SCELBI Oscope Front Panel

A few imperfections in execution, but it will look fine when the connectors and switches and such are added. This is a Bud AC413 chassis, the original chassis was constructed a bit differently, and 1/2 inch higher. I didn’t notice the Z and G when making out the rub-on artwork, but fortunately I included some extra text including an extra “GND”. The N turned sideways makes a decent Z.

I have a few more coats of clear lacquer to spray before moving onto the next stage.

For Comparison, the following is an image of an original SCELBI O-scope Chassis taken by Jack Rubin. It has been slightly photo-shopped to fix the perspective.

SCELBI Oscope Original Front Panel

SCELBI Oscope Original Front Panel

SCELBI Keyboard Interface All Hooked Up and Running

October 1st, 2016
SCELBI Keyboard Interface All Hooked Up and Running

SCELBI Keyboard Interface All Hooked Up and Running

For now, I’m using one of my PS/2 adapters (on top of the enclosure) to connect to a PS/2 keyboard. I was going to cobble together a cable for my reproduction Datanetics keyboard, but it requires -12 volts, which would have to be generated separately just for this keyboard.

Now I can focus on the Oscilloscope Interface.

Wiring the Keyboard Interface Enclosure

September 30th, 2016
Wiring the Keyboard Enclosure

Wiring the Keyboard Enclosure

At this point, I decided to call it a day and said to myself, my next project isn’t going to involve so much point to point wiring. Counting both chassis, the peripherals and cabling, I must have soldered about 500 point to point wires during the course of the SCELBI project.
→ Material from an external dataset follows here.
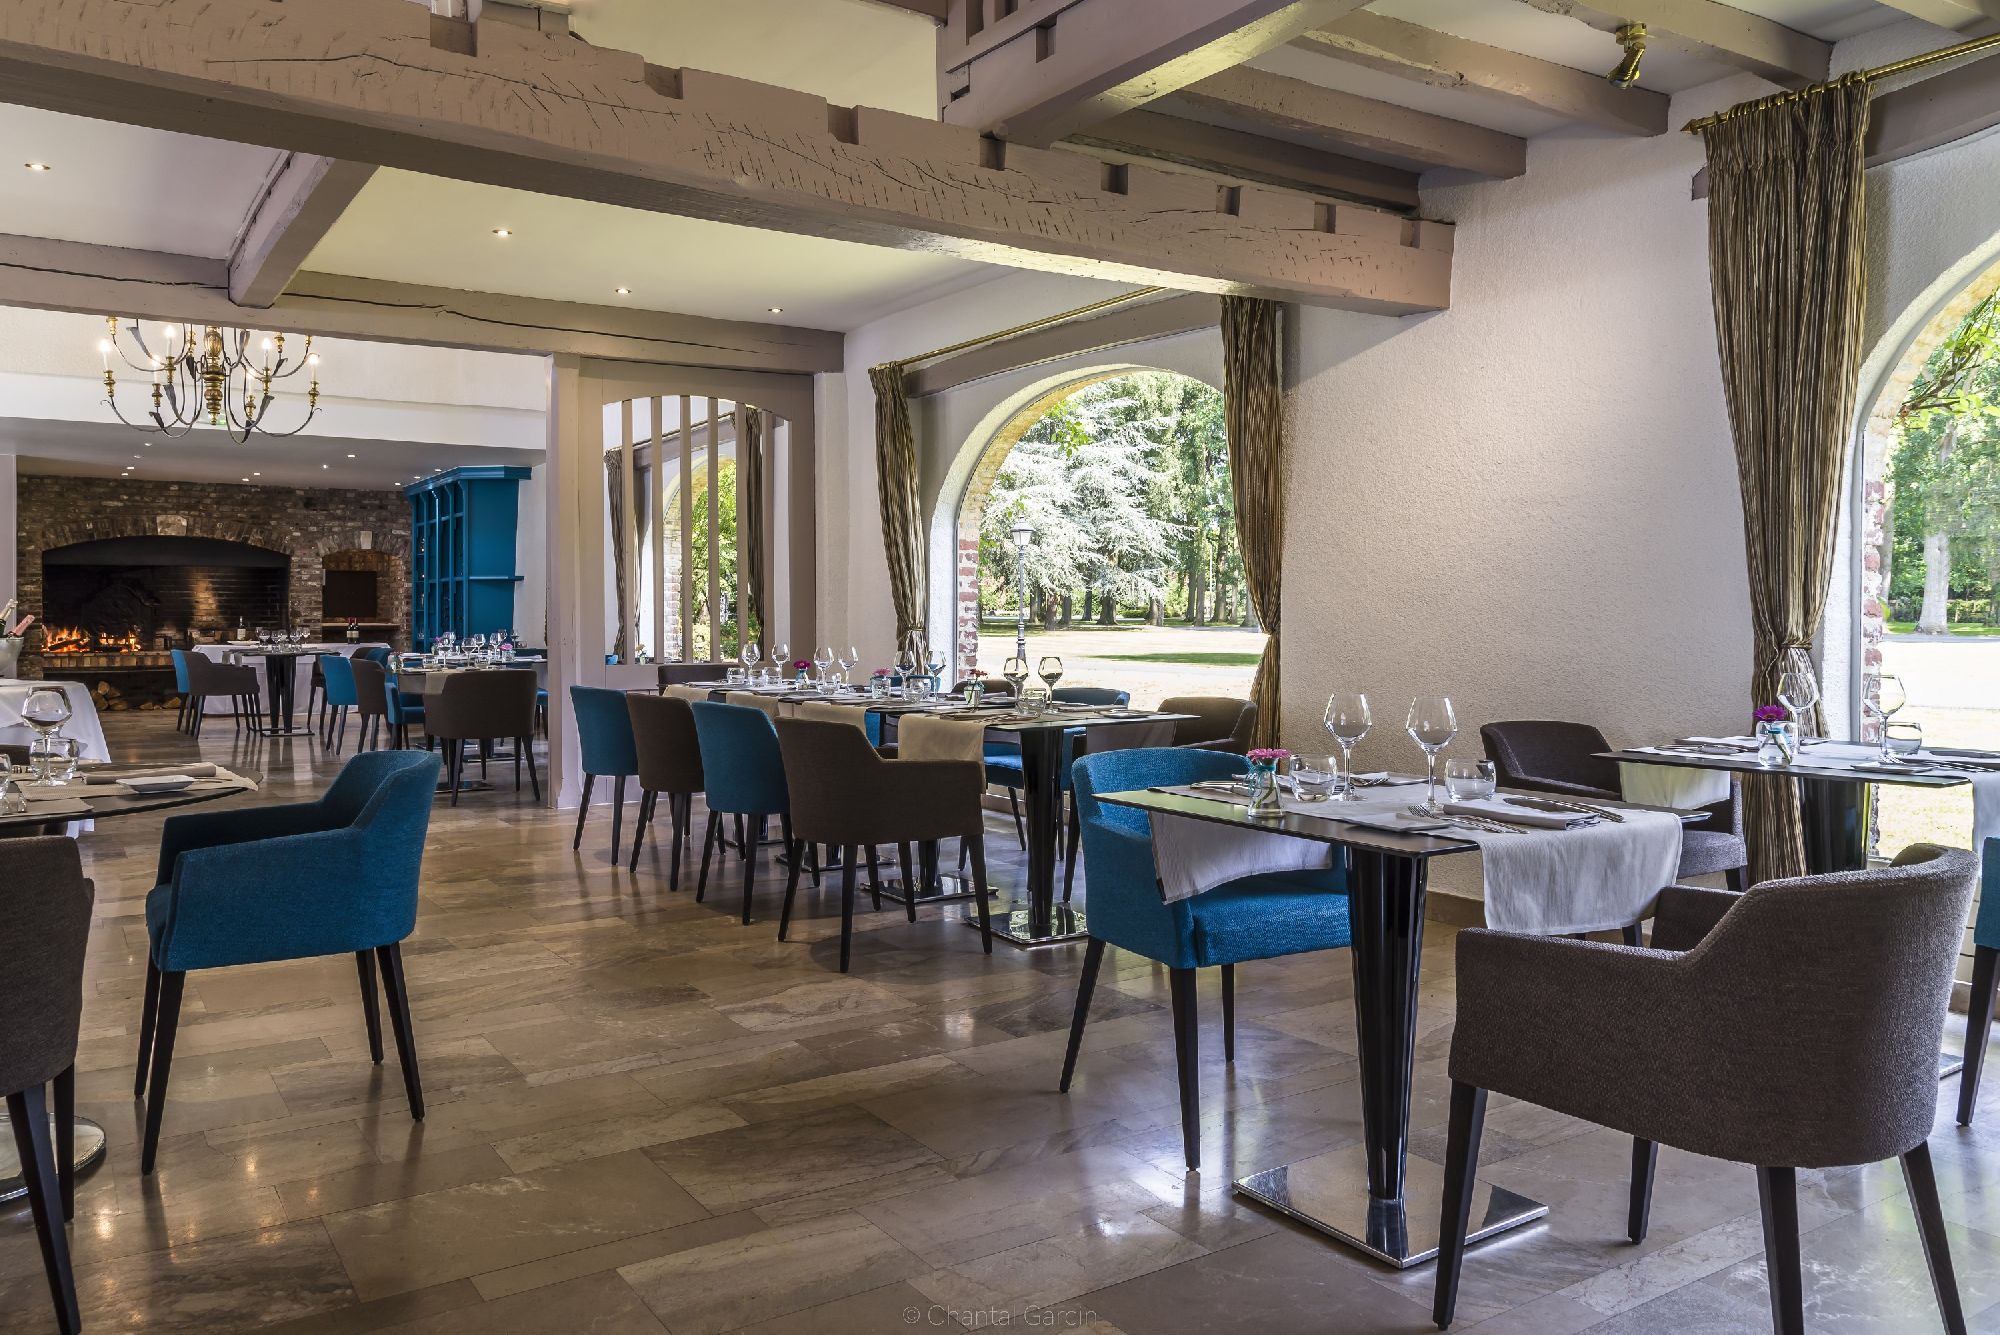 golf-expedition-golf-reizen-frankrijk-regio-pas-de-calais-chateau-tilques-restaurant-met-grote-openhaard.jpg
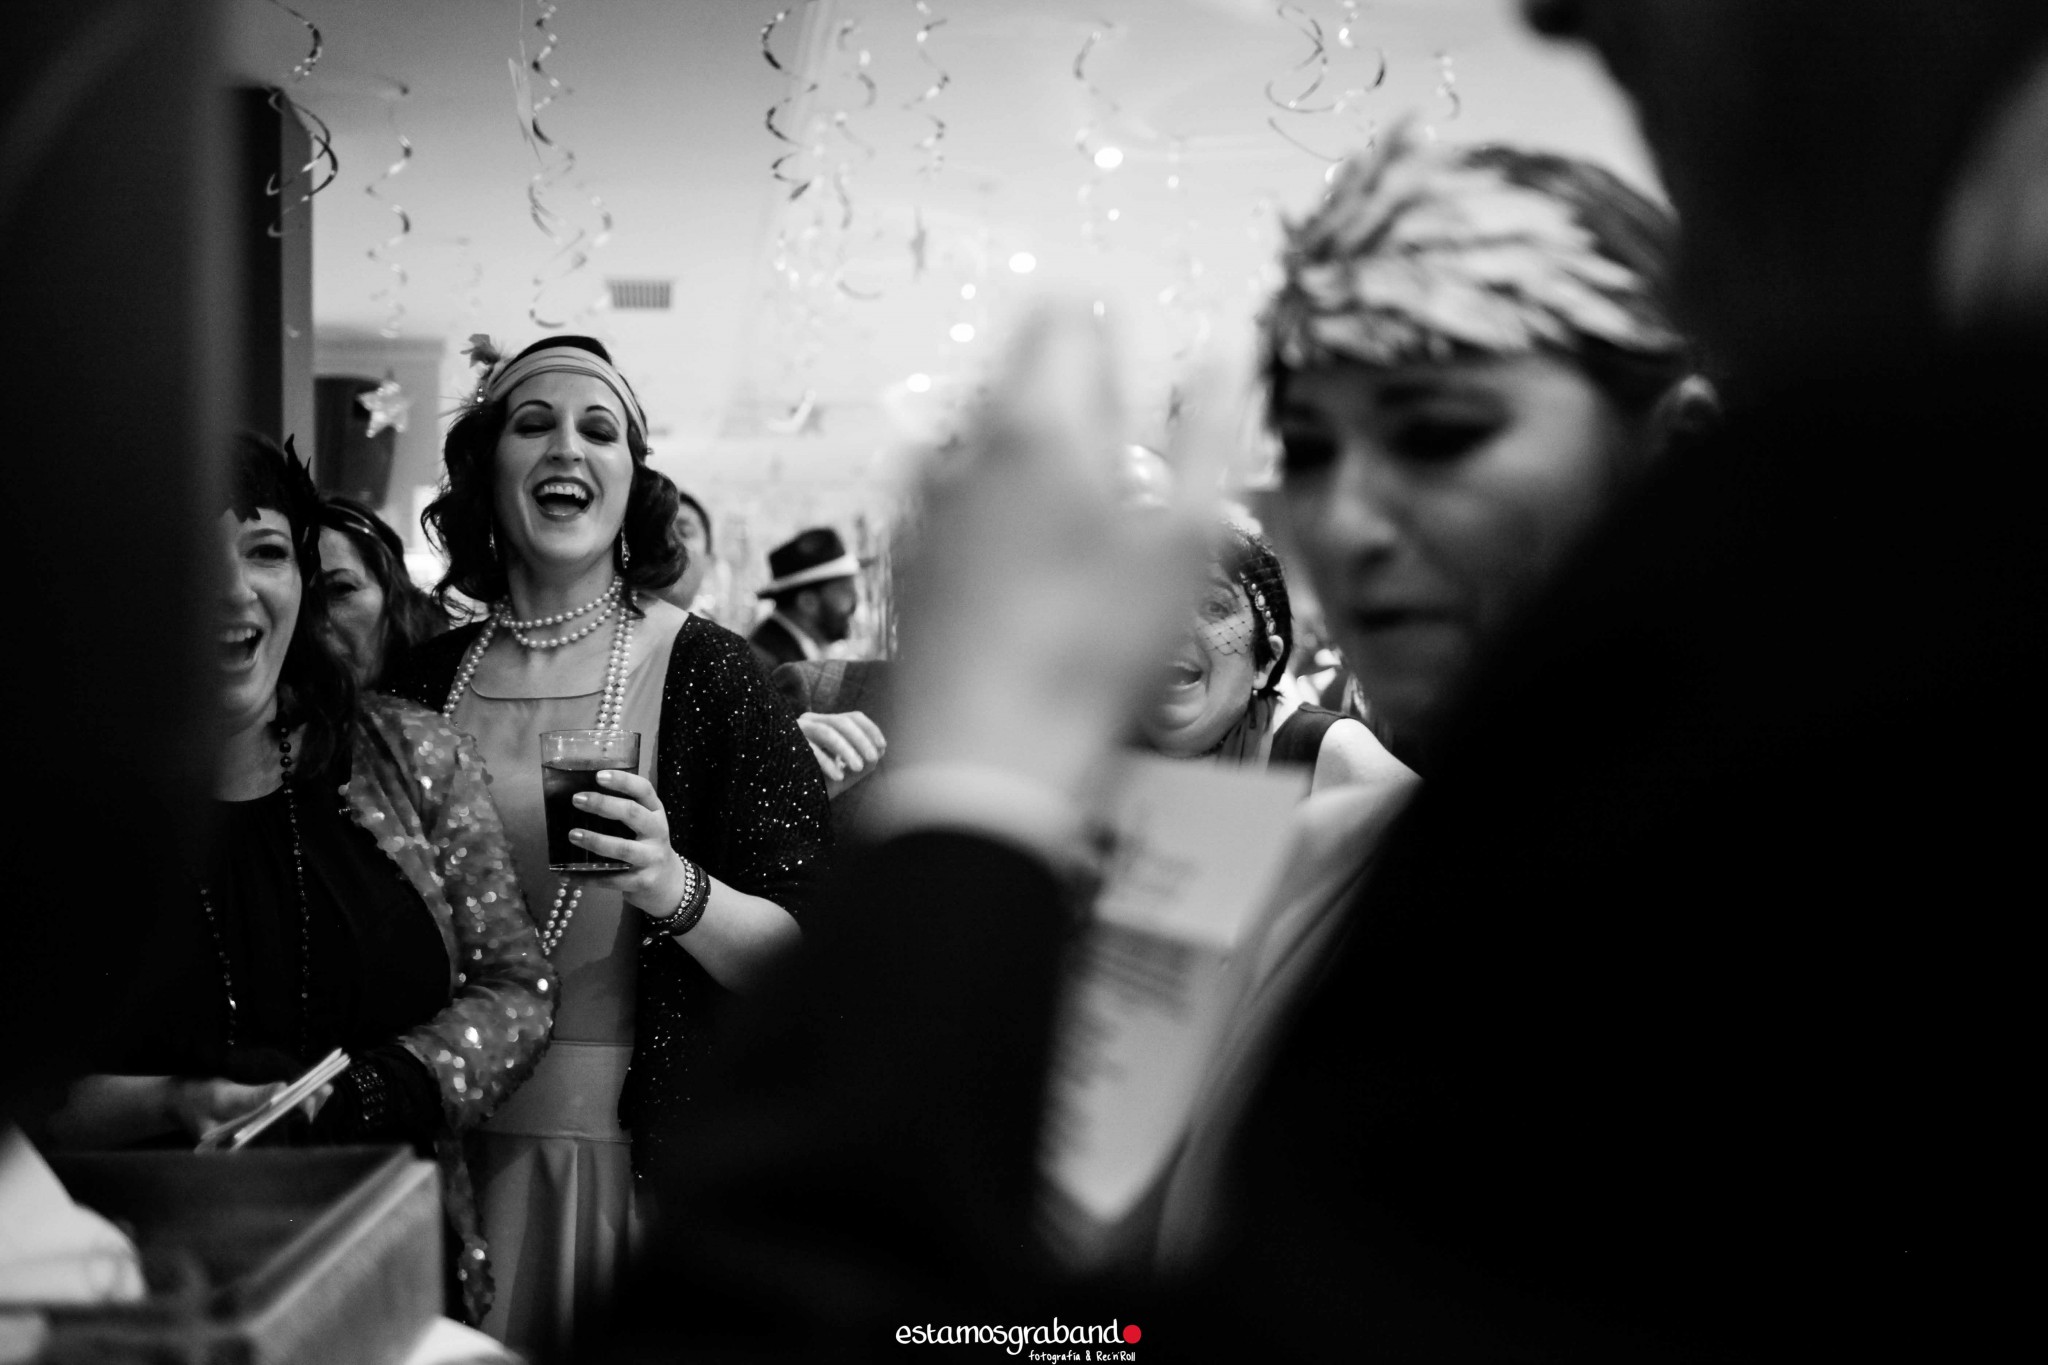 Fali-Bea-71-de-78 Fiesta Años 20 [La Teta de Julieta, Cádiz] - video boda cadiz

By the way, I think the best process for constructing one of these enclosures is as follows.

  • cut and drill the holes
  • add the rub on lettering
  • clear coat the lettering with lacquer
  • add the connectors
  • wire it
  • There are 12 wires left to connect on this chassis.

    For the oscilloscope interface checkout, I think I’m just going to build it up in the chassis, rather than test it and then make the chassis.

    SCELBI Keyboard Peripheral Enclosure nearly done

    September 28th, 2016
    Peripheral Enclosures

    Peripheral Enclosures

    Internal wiring is left to be done, but the mechanical part is ready for wiring. Note the front panel layout is reversed from the cassette interface. It turns out that I have seen the cassette interface made both ways. Stuff like this happens when your products are hand made.

    SCELBI – Oscope Digital Board

    September 20th, 2016
    OSCOPE DIGITAL PCB - front - with rework

    OSCOPE DIGITAL PCB – front – with rework

    SCELBI OSCOPE DIGITAL PCB - back - with rework

    OSCOPE DIGITAL PCB – back – with rework

    Notice that I have also recreated the rework. Note that the proper way to cut a trace on a PCB, is to use a sharp hobby knife to make two parallel cuts in the trace an 1/16″ or so apart. Then you remove the small piece of copper between the cuts.

    The Analog board has also been built. What’s left is wiring up the board edge connectors to power and amphenol connectors.

    Scope Analog Power Supply Part II

    September 11th, 2016

    Before I finalize on values for the SCELBI scope analog supply components, I needed to know how much power the board consumes. To determine this, I set up two bench supplies to power the board and measure current consumption.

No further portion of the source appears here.